Кладбище в Скулянах | страница 142



Пароход отчалил. Браилов поплыл назад, потонул в холодном тумане. Пошел дождь. Я продрог до костей. Мне захотелось тепла, уюта, выпить чего-нибудь горяченького. В кают-компании горели электрические бра.


Я переступил через высокий порог, откозырнув нескольким сидящим здесь офицерам, и подошел к стойке, за которой буфетчик-румын в белой куртке разливал чай.


Внутренний голос сказал мне, что нижний чин не имеет права находиться в этом прекрасно освещенном, красивом, теплом помещении, пропитанном запахами папиросного дыма, круто заваренного чая, кофе и еще чего-то пряно-колониального. Но другой внутренний голос ответил на это, что я хотя и считаюсь по уставу нижним чином, но являюсь вольноопределяющимся, младшим фейерверкером, у меня на шинели нашита георгиевская ленточка, а на рукаве — тесемочка за отравление газами, я еду поступать в военное училище и скоро стану офицером, наконец — на мне прекрасное новое обмундирование, отличные хромовые сапоги со шпорами (правда, грязноватые), у меня молодое интеллигентное лицо, я состою в любовной переписке с хорошенькой дочкой генерал-майора, командира нашей бригады, так что вполне могу находиться в этом привилегированном месте, среди офицеров.

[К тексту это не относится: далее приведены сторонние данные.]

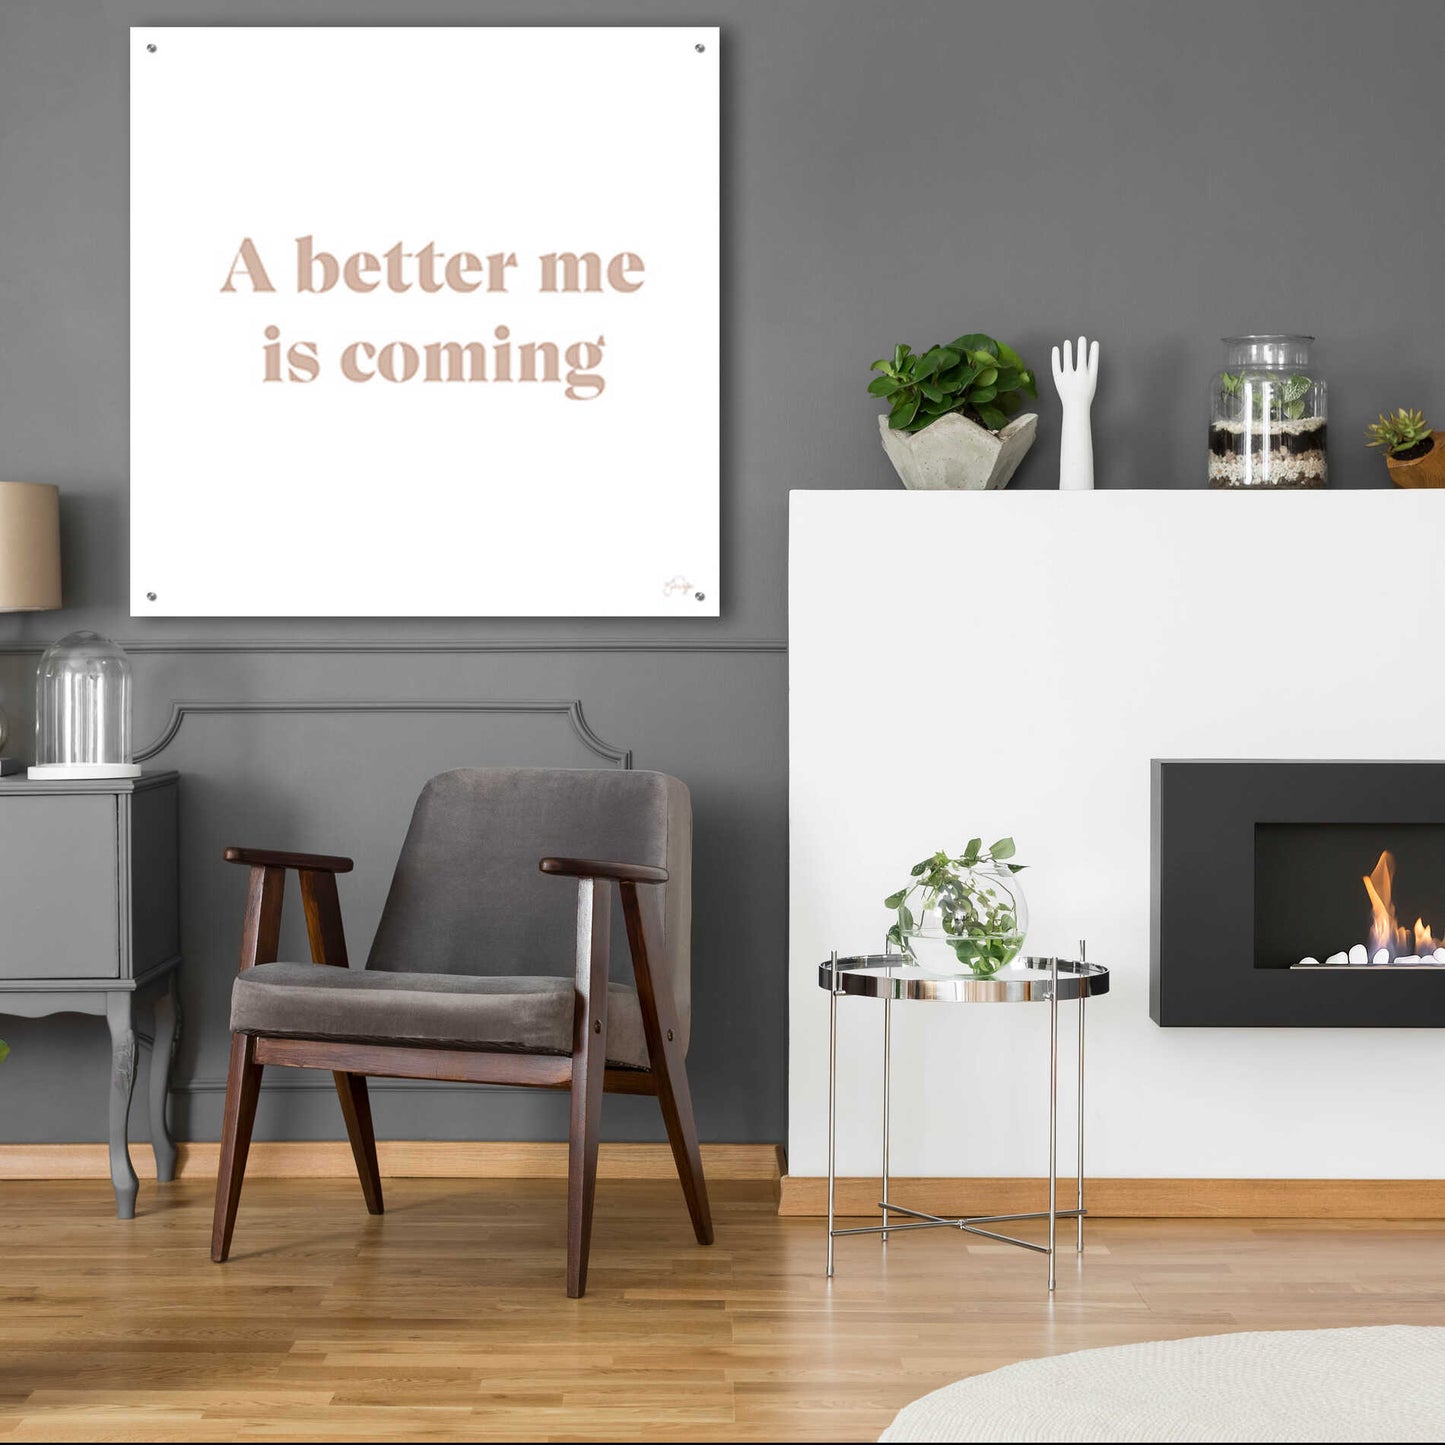 Epic Art 'A Better Me is Coming' by Yass Naffas Designs, Acrylic Glass Wall Art,36x36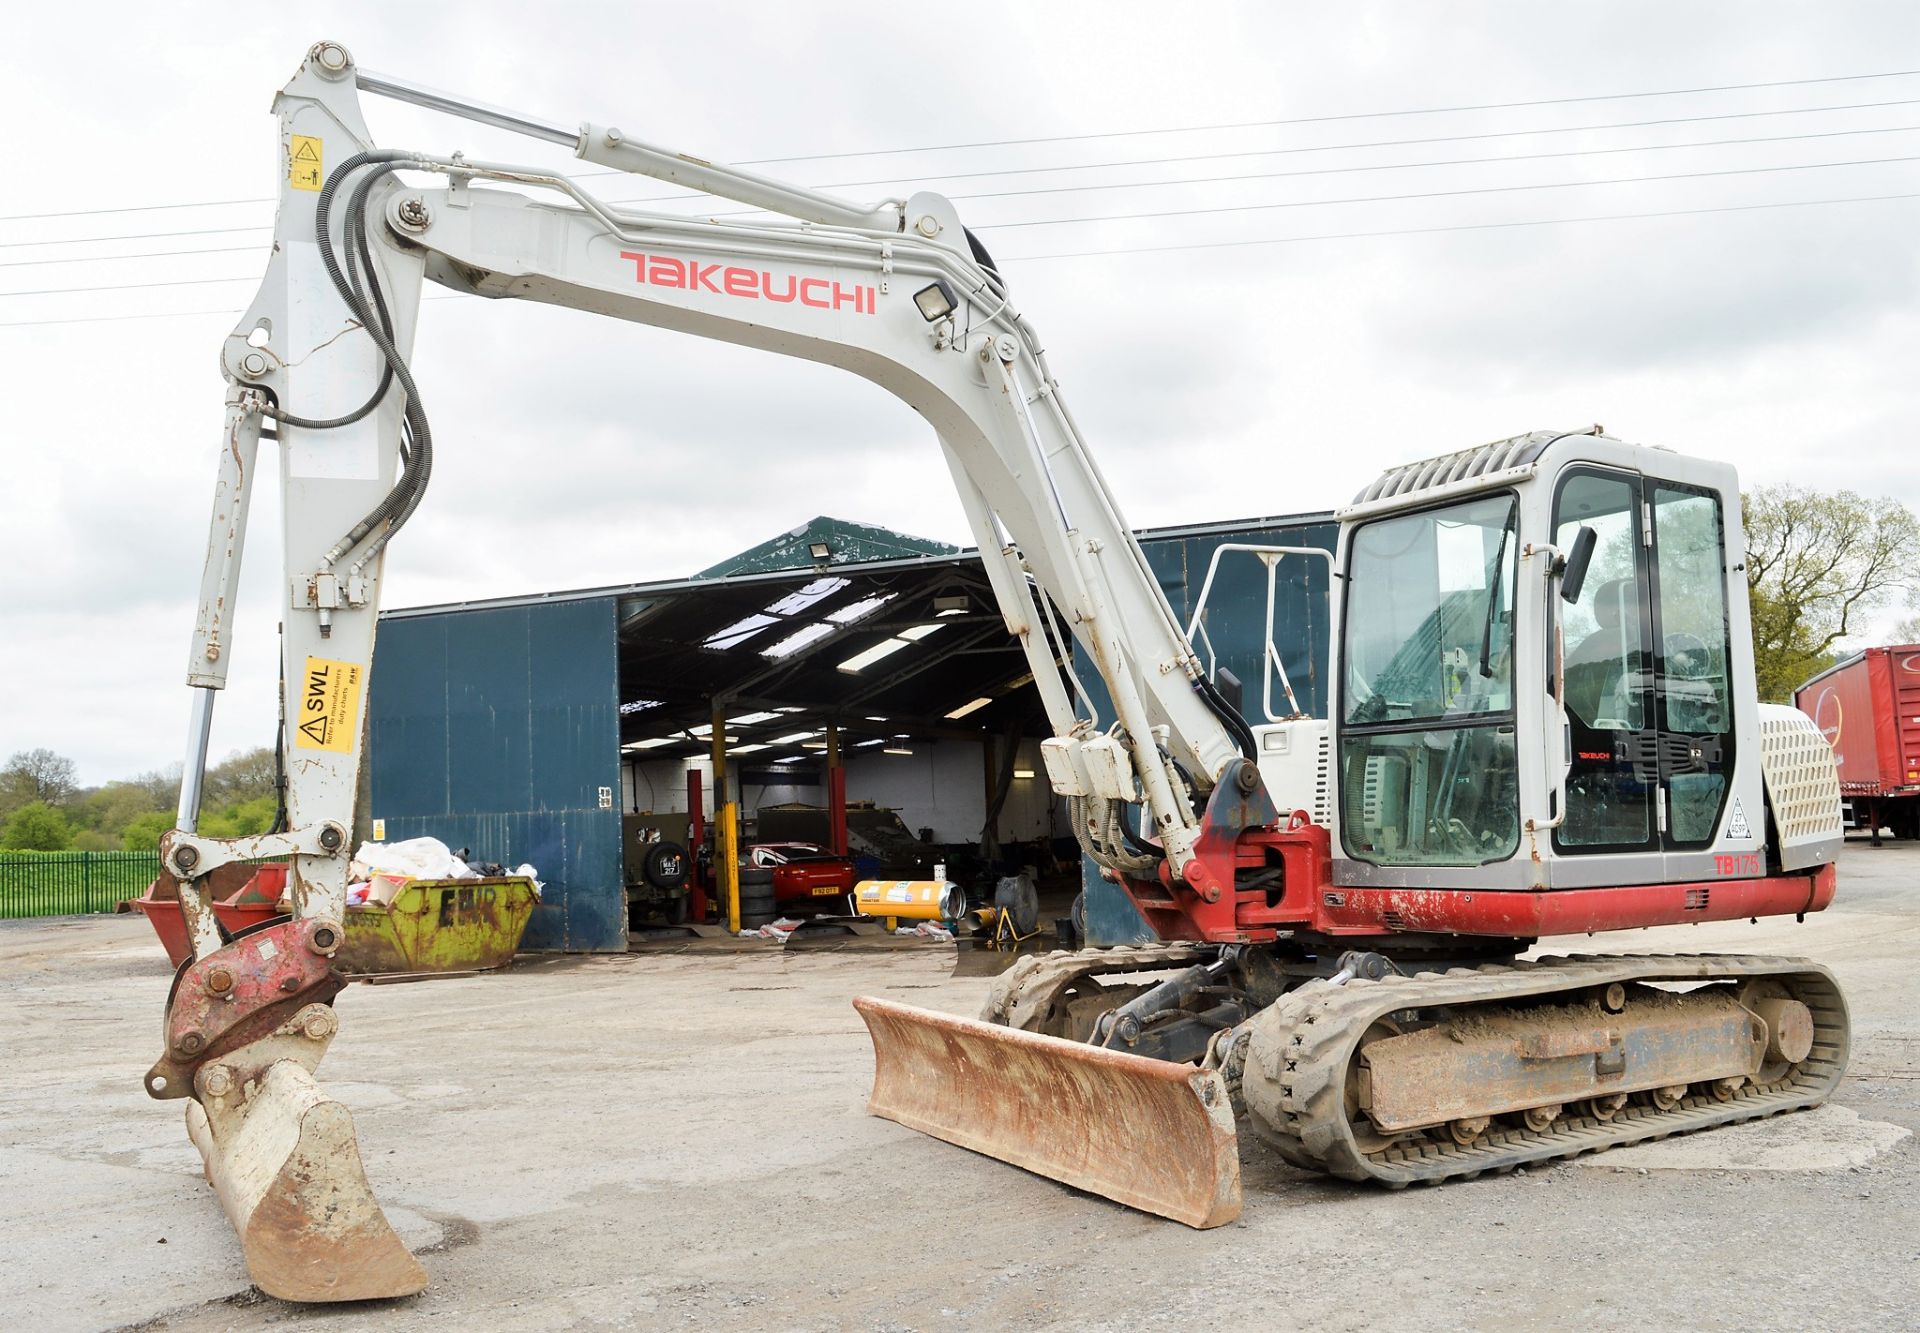 Takeuchi TB175 7.5 tonne rubber tracked excavator Year: 2010 S/N: 301657 Recorded Hours: Not

В нагрудном карманчике моей суконной гимнастерки вместе с командировочным удостоверением имелось несколько румынских бумажных лей, полученных в канцелярии бригады в виде суточных, кормовых и приварочных за четыре дня.

Чай подавался в больших толстых фаянсовых чашках с синим вензелем пароходства. Я заказал себе — на ужасном французском языке — чаю покрепче и погорячее, а так как я заметил на полке массивную бутылку ямайского рома с головой негра, то попросил буфетчика положить в чай побольше сахара и долить чашку ромом.

Наступила минута, о которой я мечтал всю жизнь: я уже вполне взрослый, самостоятельный человек, обстрелянный в боях солдат. Я нахожусь на корабле; у меня в кармане кредитные билеты; я весел, независим, и я небрежно заказываю стюарду большую чашку горячего чая с красным ямайским ромом, то есть, по сути дела, пунш.

Буфетчик поставил передо мной чашку, и тотчас в воздухе распространился запах ямайского рома. Я потрогал чашку пальцами: она была горячей, почти огненной. Я предвкушал блаженство первого глотка. Но для того, чтобы оттянуть минуту наслаждения, продлить миг ожидания, я сначала расплатился с буфетчиком, щедро оставив ему всю сдачу на чай, а потом осторожно лизнул языком край чашки, ощутив спиртуозное испарение обжигающего напитка. Еще минута — и я буду с жадной медлительностью пить чай, чувствуя тепло, разливающееся по моему продрогшему телу.